### [Description of the task]
Copy out exactly the lines spanning the line with "underwater test of" to the line with "Фото №12 - ремонт", inclusive, from the data underneath, with no pictures.

### [Input records]

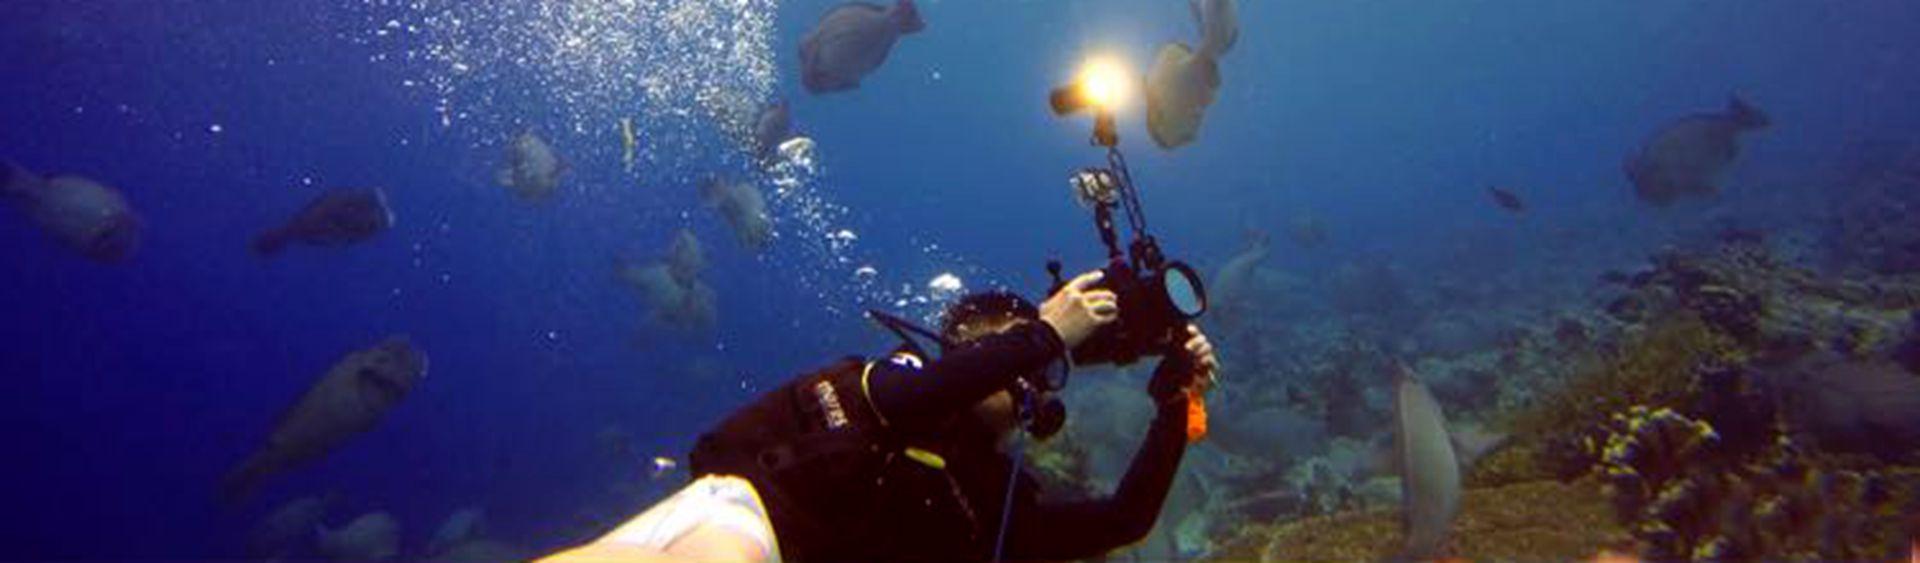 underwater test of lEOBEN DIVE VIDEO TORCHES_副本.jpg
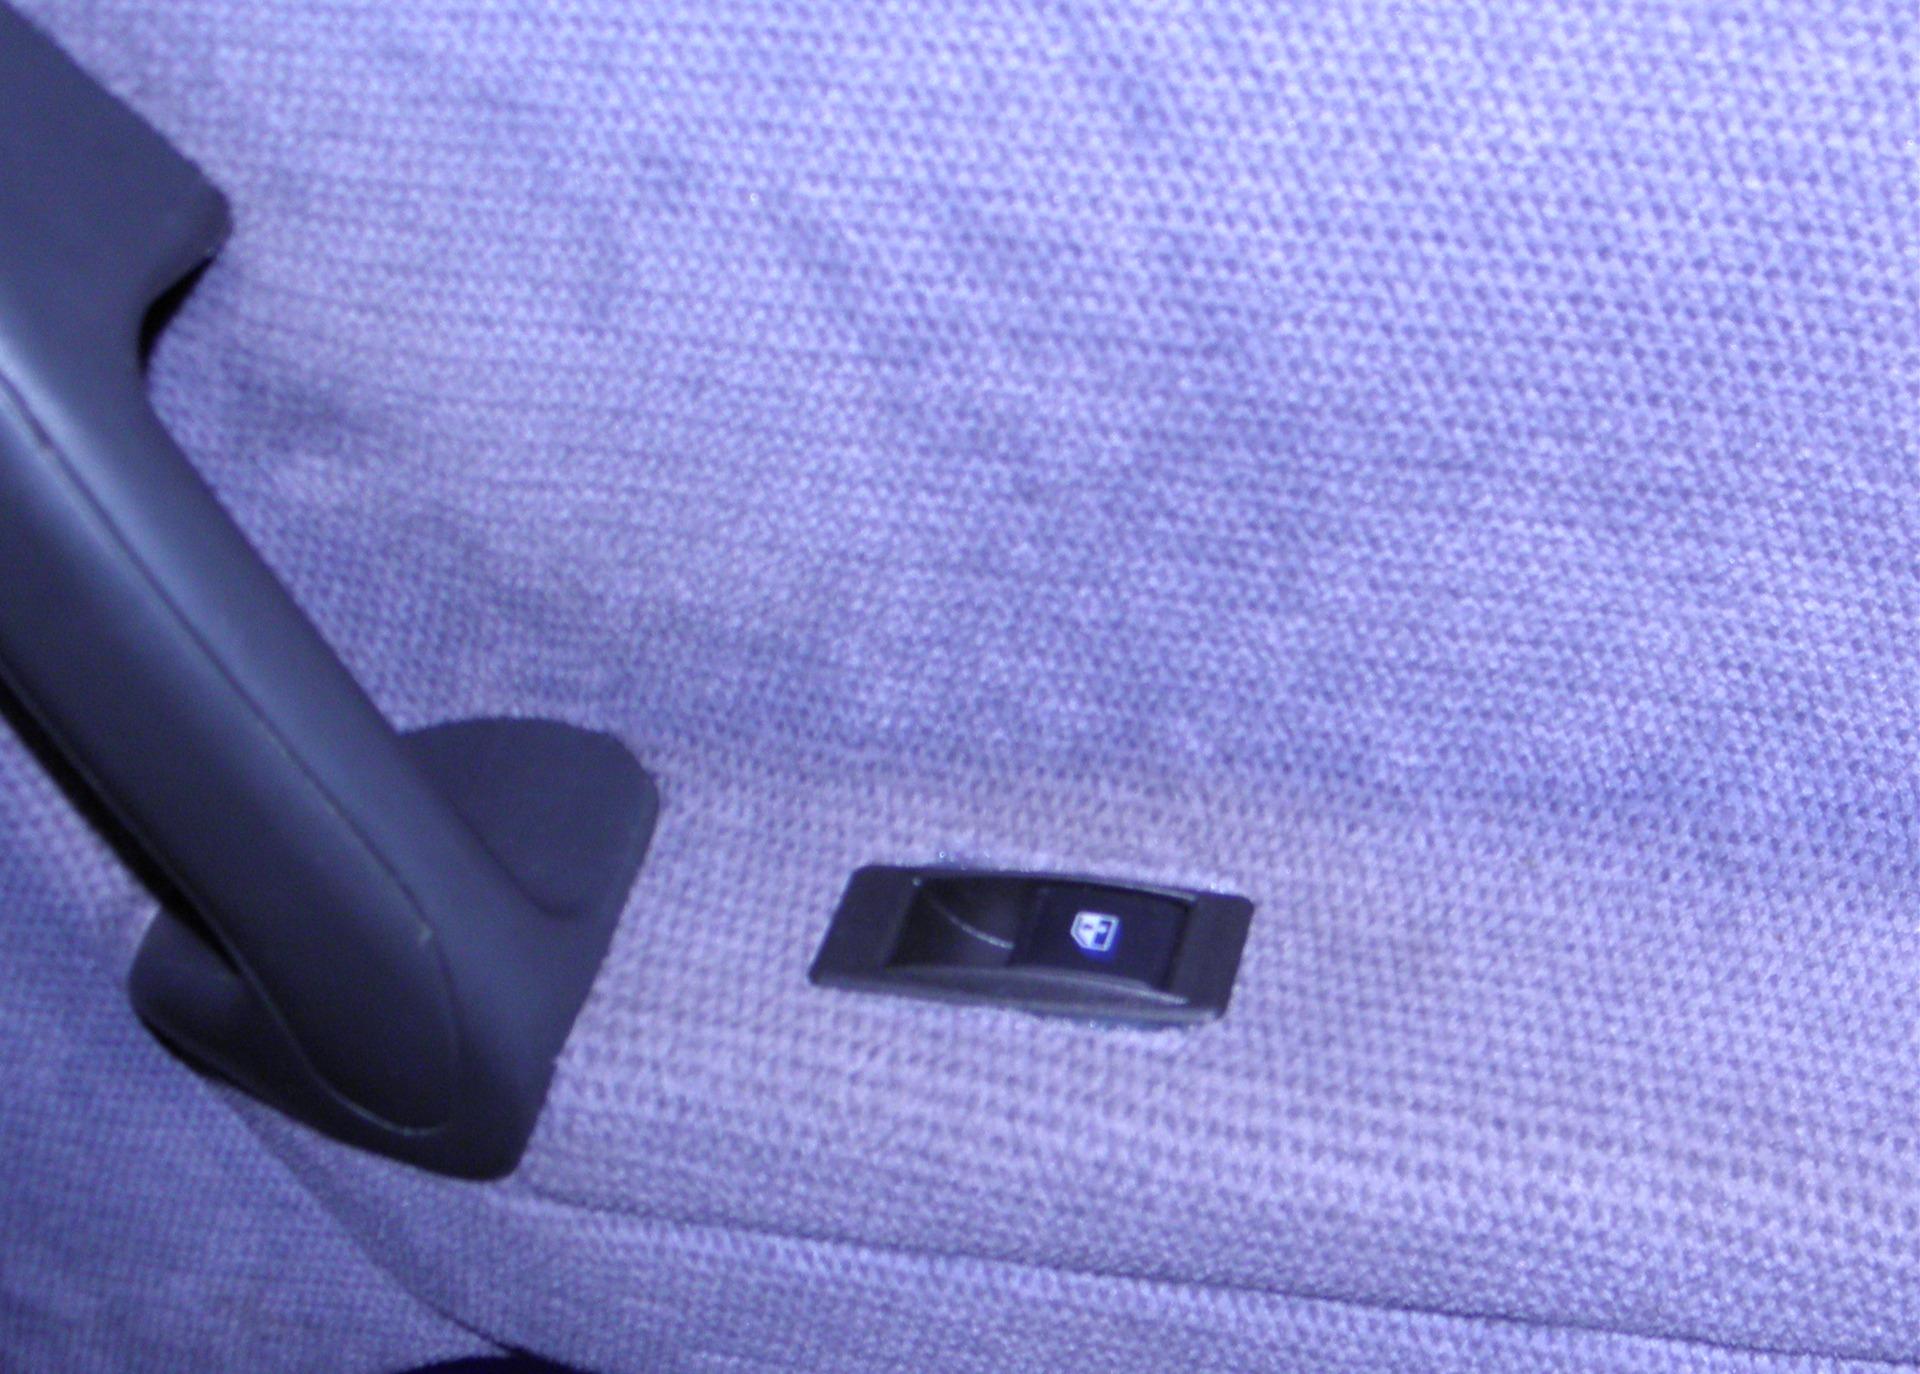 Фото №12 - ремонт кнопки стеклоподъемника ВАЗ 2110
...
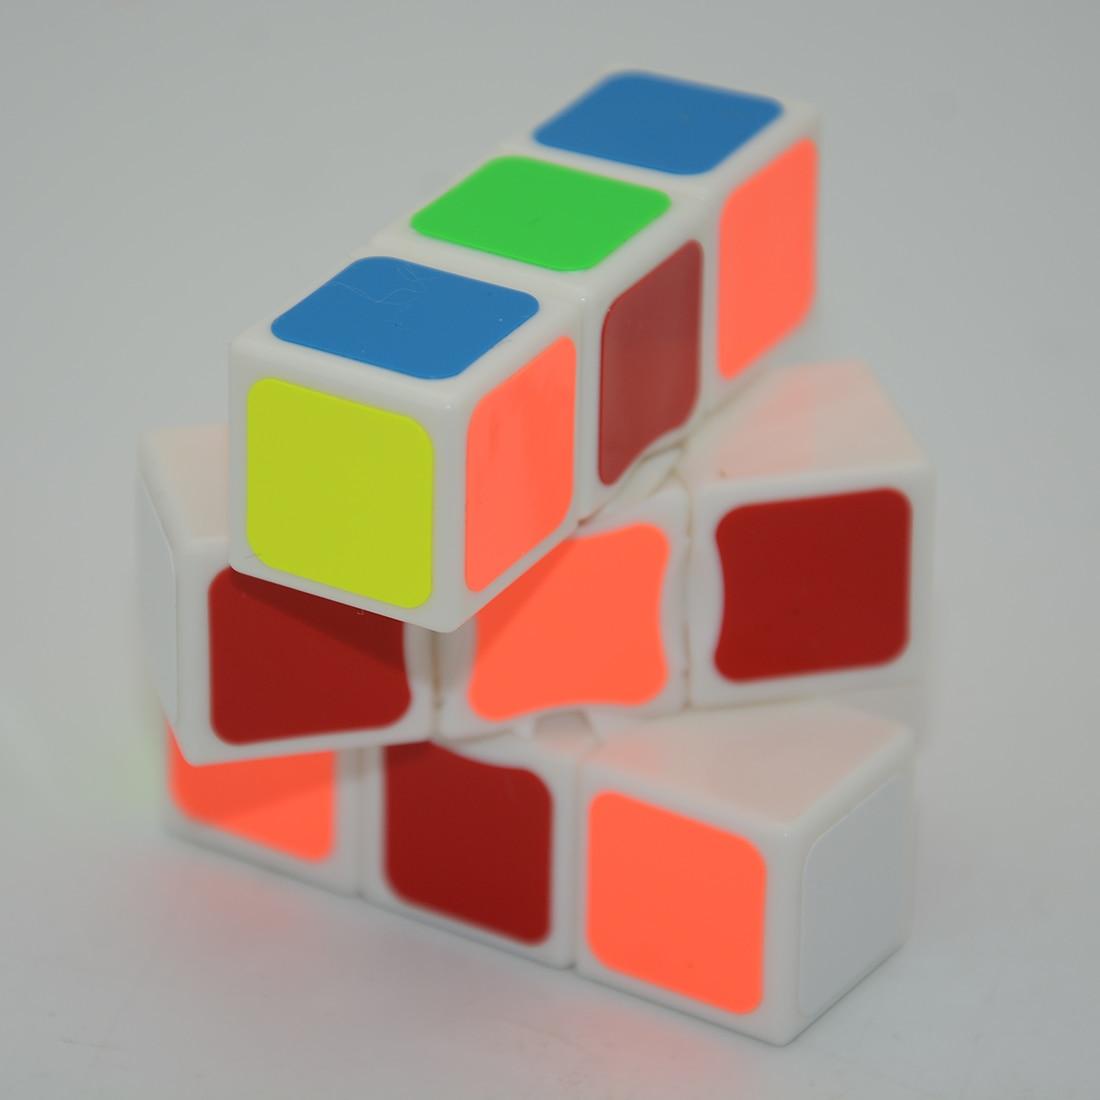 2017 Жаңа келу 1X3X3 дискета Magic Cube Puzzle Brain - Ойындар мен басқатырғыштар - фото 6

### [Reply]
 underwater test of lEOBEN DIVE VIDEO TORCHES_副本.jpg
 Фото №12 - ремонт кнопки стеклоподъемника ВАЗ 2110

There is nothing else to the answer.